Ground-based Midcourse Defense

Monday, August 31, 2015

What is it?

The Ground-based Midcourse Defense (GMD) element of the Ballistic Missile Defense System provides combatant commanders the capability to engage and destroy limited intermediate- and intercontinental-ballistic missile threats in space to protect the United States. GMD is the only United States-based system capable of protecting the homeland from these threats.

What has the Army done?

In September 2004, U.S. Army Space and Missile Defense Command/Army Forces Strategic Command declared the 100th Missile Defense Brigade (Ground-based Midcourse Defense) operational.

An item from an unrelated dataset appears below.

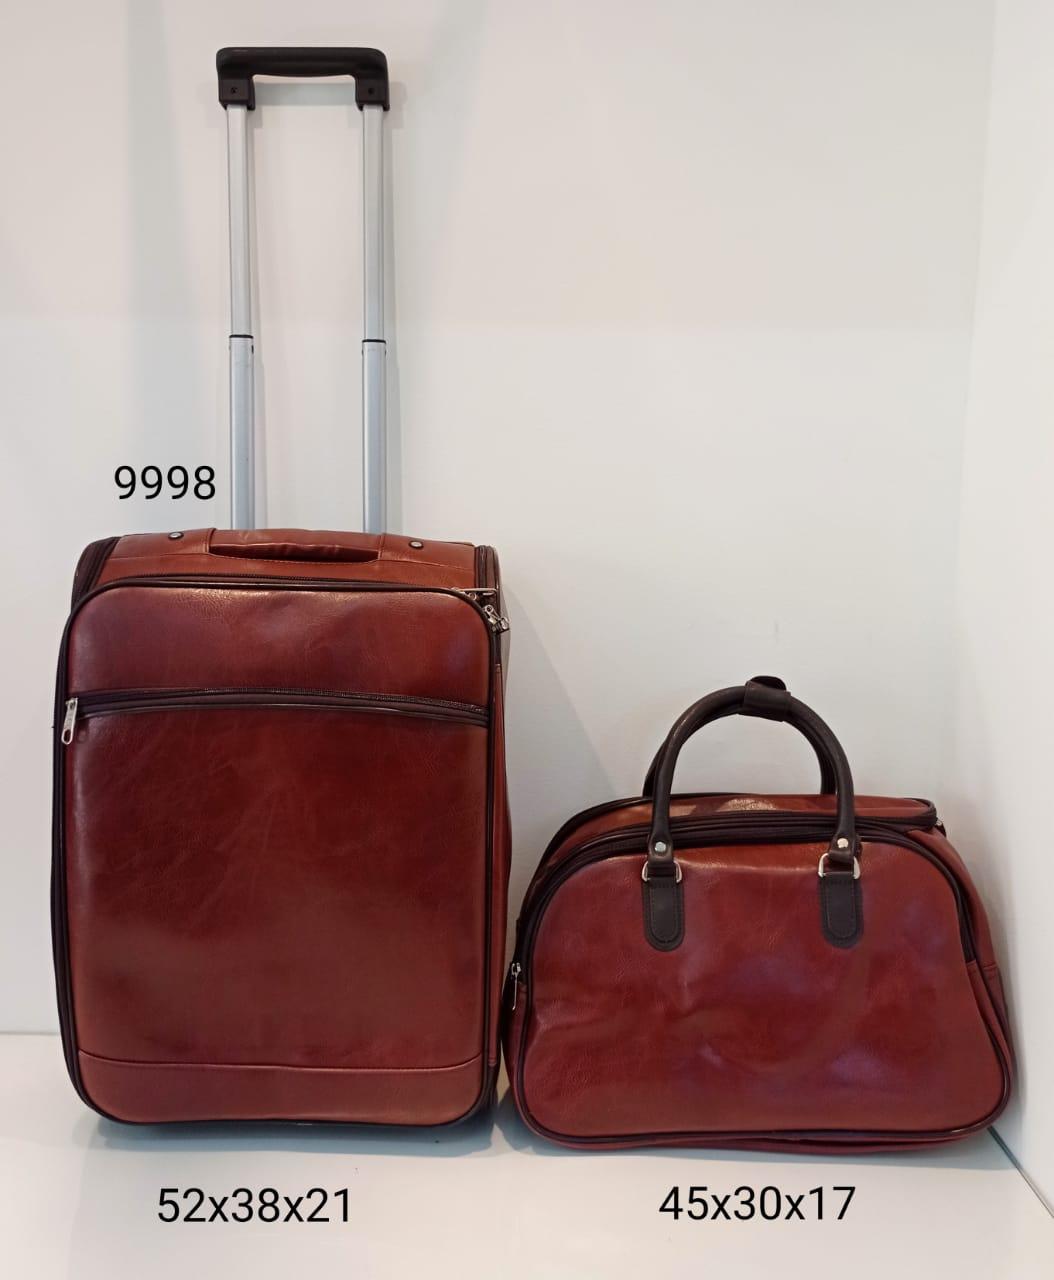 999-8 Kit Mala de Viagem Royal Style Couro PU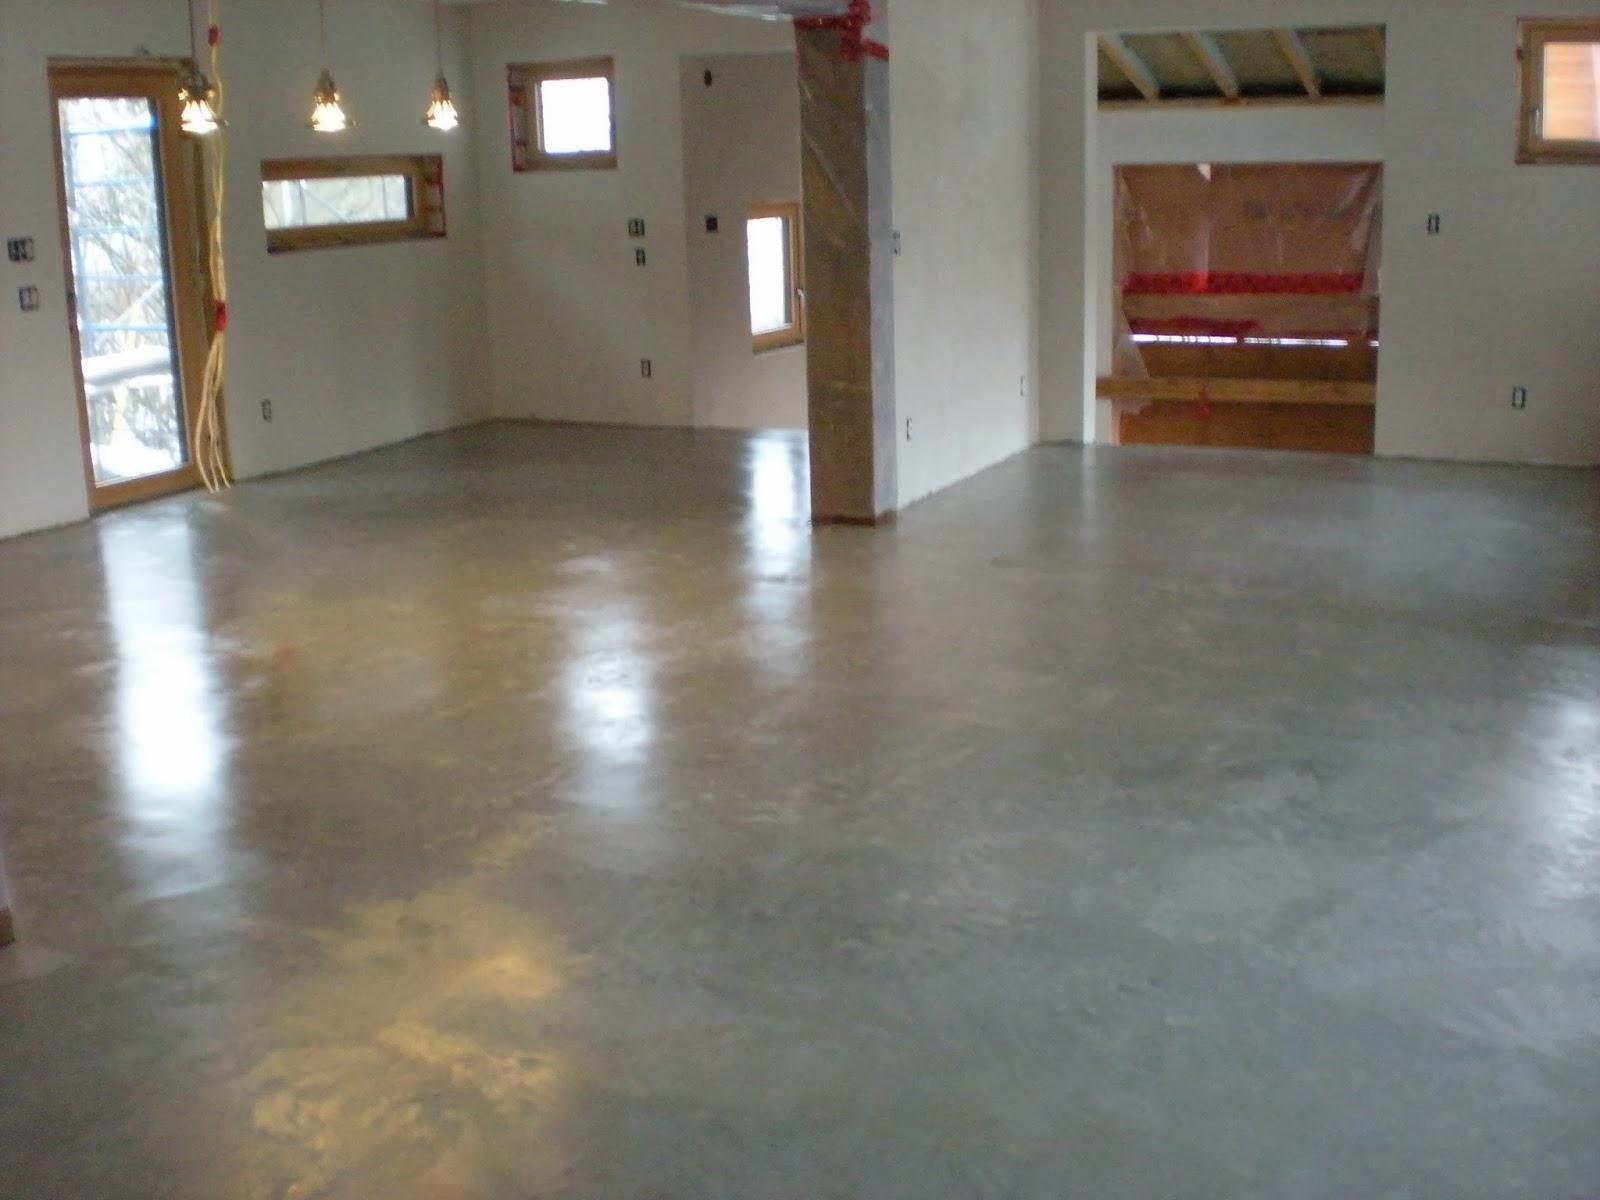 MODE CONCRETE: Considering Concrete Floors? Main Benefits

The 100th Missile Defense Brigade (100th MDB) is a multi-component brigade made up primarily of Army National Guard Soldiers in Colorado, California and Alaska, along with a small, but vital, contingent of active component Soldiers in Colorado. These Soldiers are tasked with the mission of defending the homeland from ballistic missile attacks.

Soldiers from the 100th MDB operate fire control centers at Fort Greely, Alaska, and Schriever Air Force Base, Colorado, monitoring the skies over the United States 24/7/365 for incoming intercontinental ballistic missiles.

What continuing efforts does the Army have planned?

While the mission has not changed, the capabilities of the system and the ability of the crews, security personnel and support staff to perform the mission continue to mature. The maturation of systems and operators is necessary to combat current and emerging ballistic missile threats.

Since 2004, the GMD system has increased its capability with additional sensor systems that increase the fidelity and coverage of systems such as the Army operated early warning radars; transportable X-band radars (AN-TPY2). From an original fleet of five ground-based interceptors at Fort Greely, the system has grown to 30 interceptors located at Fort Greely and Vandenberg Air Force Base, California.

The 100th MDB has also increased the ability of its Soldiers to man the system. Originally, only 30 Soldiers were trained and certified to operate the system. As of today, the Missile Defense Agency and USASMDC/ARSTRAT have trained more than 300 Soldiers as operators through the GMD Fire Control Qualification Course, a school recognized as a U.S. Army Training and Doctrine Command "Institution of Excellence." The course, conducted by SMDC-Directorate of Training Development, received a 100 percent on its most recent inspection, a distinction no other school in the Army holds.

Why is this important to the Army?

GMD Soldiers and system help to defend against potential threats to the USASMDC/ARSTAT and MDA work closely with their stakeholders in U.S. Northern Command, to conduct combatant command-level and ballistic missile defense exercises. This readiness has been tested and proven in 2006, 2009 and 2012 when North Korea launched its Taepodong 2 intercontinental ballistic missiles. Soldiers of the 100th MDB are on guard 24 hours a day, 365 days a year. They are 300 Soldiers, defending 300 million Americans.